How to register stacks with Fiji

This guide shows you how to align your microscopy movies (registration) before importing them into Celldetective.

Prerequisite: You have installed Fiji (ImageJ).

We highly recommend adhering to the Data Organization guidelines to structure your folders.

Overview

Registration corrects for stage drift or shaking during acquisition. A common tool for this is the Linear Stack Alignment with SIFT Multichannel plugin available in Fiji [1].

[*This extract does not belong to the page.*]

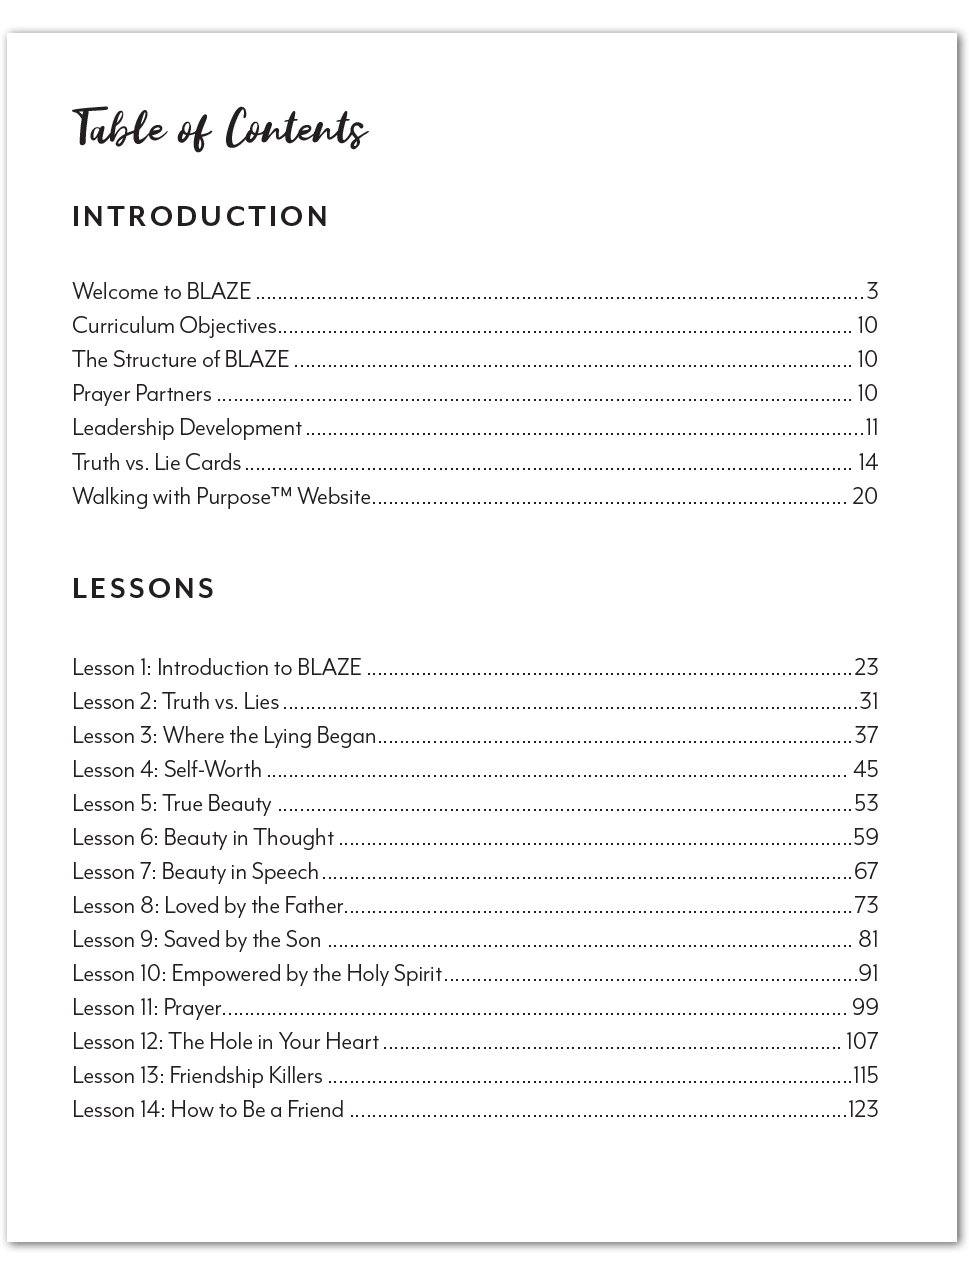 BLAZE Masterpiece leaders guide table of contents page 1
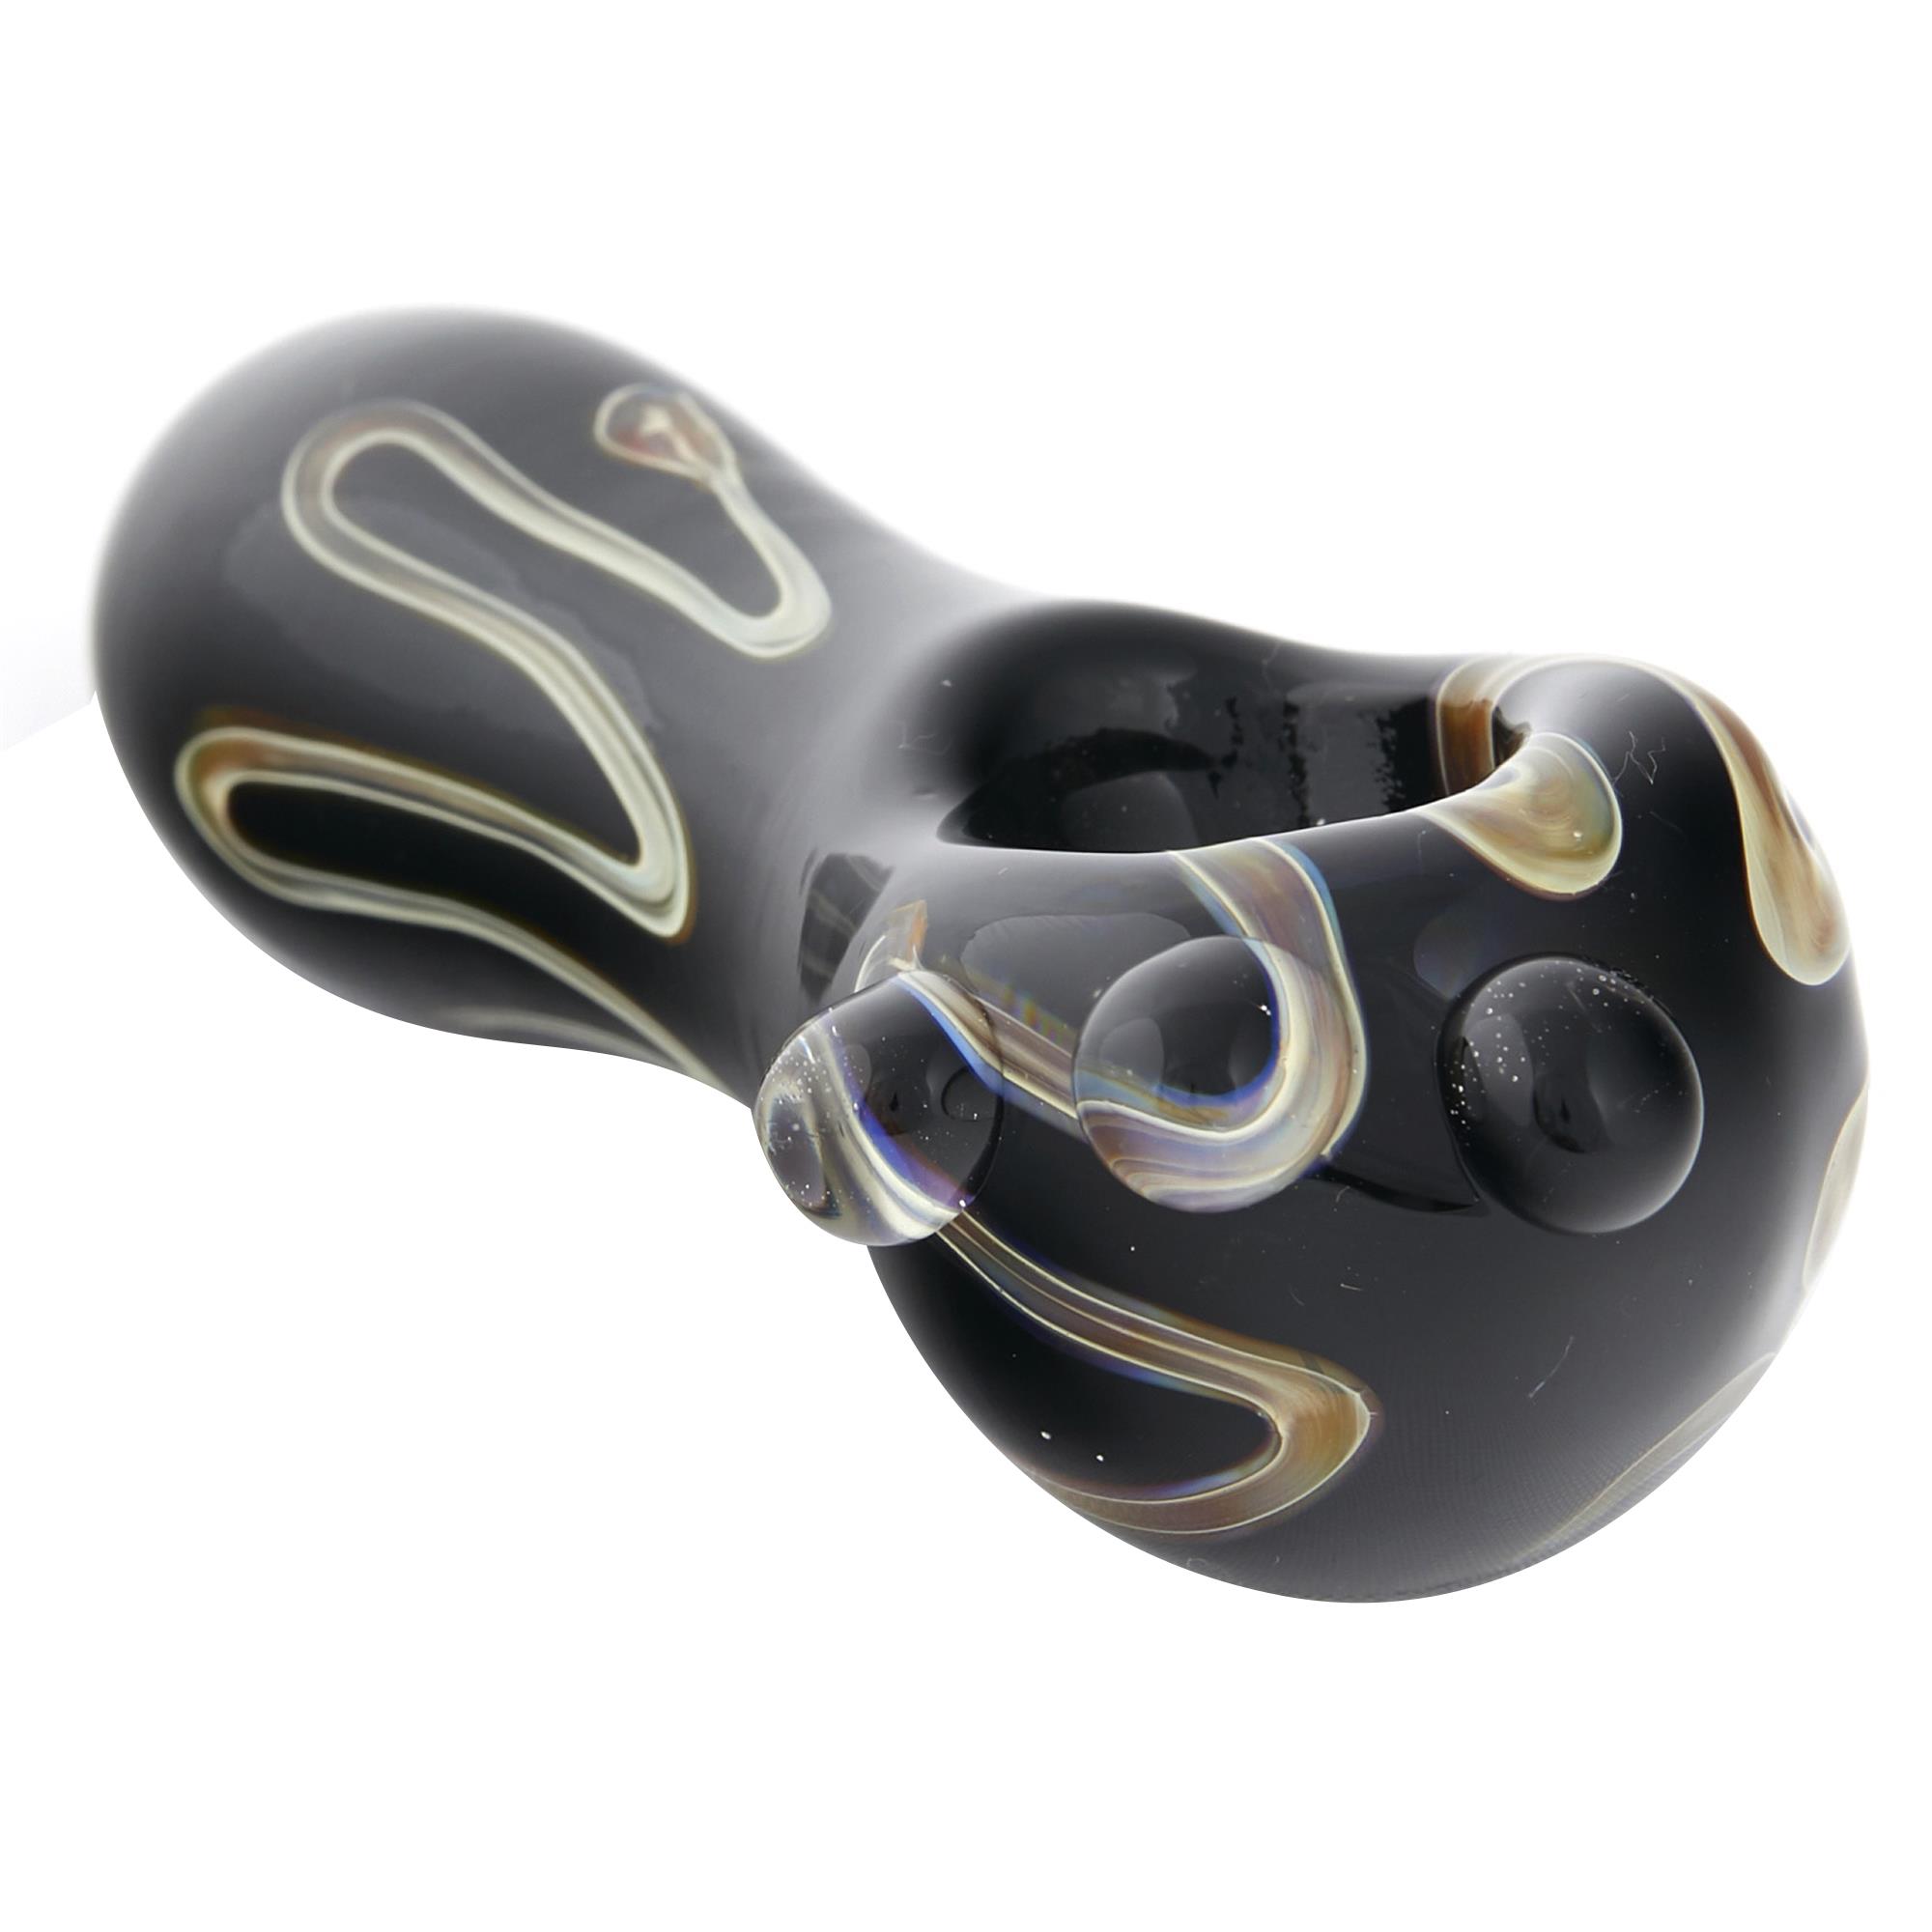 YOU ARE DOPE SPOON PIPE

Step 1: Install the SIFT plugin

1. Open Fiji.

2. Go to Help > Update….

3. Click Manage update sites.

4. Check the PTBIOP update site.

5. Click Close and then Apply changes.

6. Restart Fiji.

For more details on this plugin, see the Image.sc discussion.

Step 2: Register a stack (Manual)

1. Open your stack in Fiji.

2. Go to Plugins > BIOP > Linear Stack Alignment with SIFT Multichannel.

3. Select the transformation mode (usually “Translation” for simple drift).

4. Run the alignment.

5. Save the registered stack as a new TIFF file.

Step 3: Batch registration (Macro)

To facilitate batch processing, we provide an ImageJ macro that can be used to process multiple positions automatically.

1. Copy the code below (or download the alignment macro) into Fiji’s macro editor (Plugins > New > Macro).

2. Update the variables in the code (lines 6-9) to match your data:

   • target_channel: the channel used for registration.

   • prefix: the prefix of the stacks to be aligned (e.g., “After” or “Raw”).

3. Run the macro.

4. When prompted, select the root folder of your Celldetective experiment.

align_stack.ijm

run("Collect Garbage");
experiment = getDirectory("Experiment folder containing movies to align...");
wells = getFileList(experiment);

octave_steps = "7";
target_channel = "4";
target_channel_int = 4;
prefix = "After"

for (i=0;i<wells.length;i++){

    well = wells[i];

    if(endsWith(well, File.separator)){

        positions = getFileList(experiment+well);

        for (j=0;j<positions.length;j++) {

            pos = positions[j];
            movie = getFileList(experiment+well+pos+"movie"+File.separator);

            for (k=0;k<movie.length;k++) {
                if (startsWith(movie[k], prefix)) {

                    // Open stack
                    open(experiment+well+pos+"movie"+File.separator+movie[k]);
                    Stack.setDisplayMode("grayscale");

                    // Here write the preprocessing steps
                    Stack.setChannel(target_channel_int);
                    run("Enhance Contrast", "saturated=0.35");
                    run("Linear Stack Alignment with SIFT MultiChannel", "registration_channel="+target_channel+" initial_gaussian_blur=1.60 steps_per_scale_octave="+octave_steps+" minimum_image_size=64 maximum_image_size=1024 feature_descriptor_size=4 feature_descriptor_orientation_bins=8 closest/next_closest_ratio=0.92 maximal_alignment_error=25 inlier_ratio=0.05 expected_transformation=Rigid interpolate");

                    // Save output
                    saveAs("Tiff", experiment+well+pos+"movie"+File.separator+"Aligned_"+movie[k]);
                    close();
                    close();
                    run("Collect Garbage");
                }
            }
        }

    }
}

print("Done.");

Note

Ensure your registered files are saved in the correct movie/ subfolder of each position if you are following the recommended folder structure.

References

[1]

Schindelin, J., Arganda-Carreras, I., Frise, E. et al. Fiji: an open-source platform for biological-image analysis. Nat Methods 9, 676–682 (2012).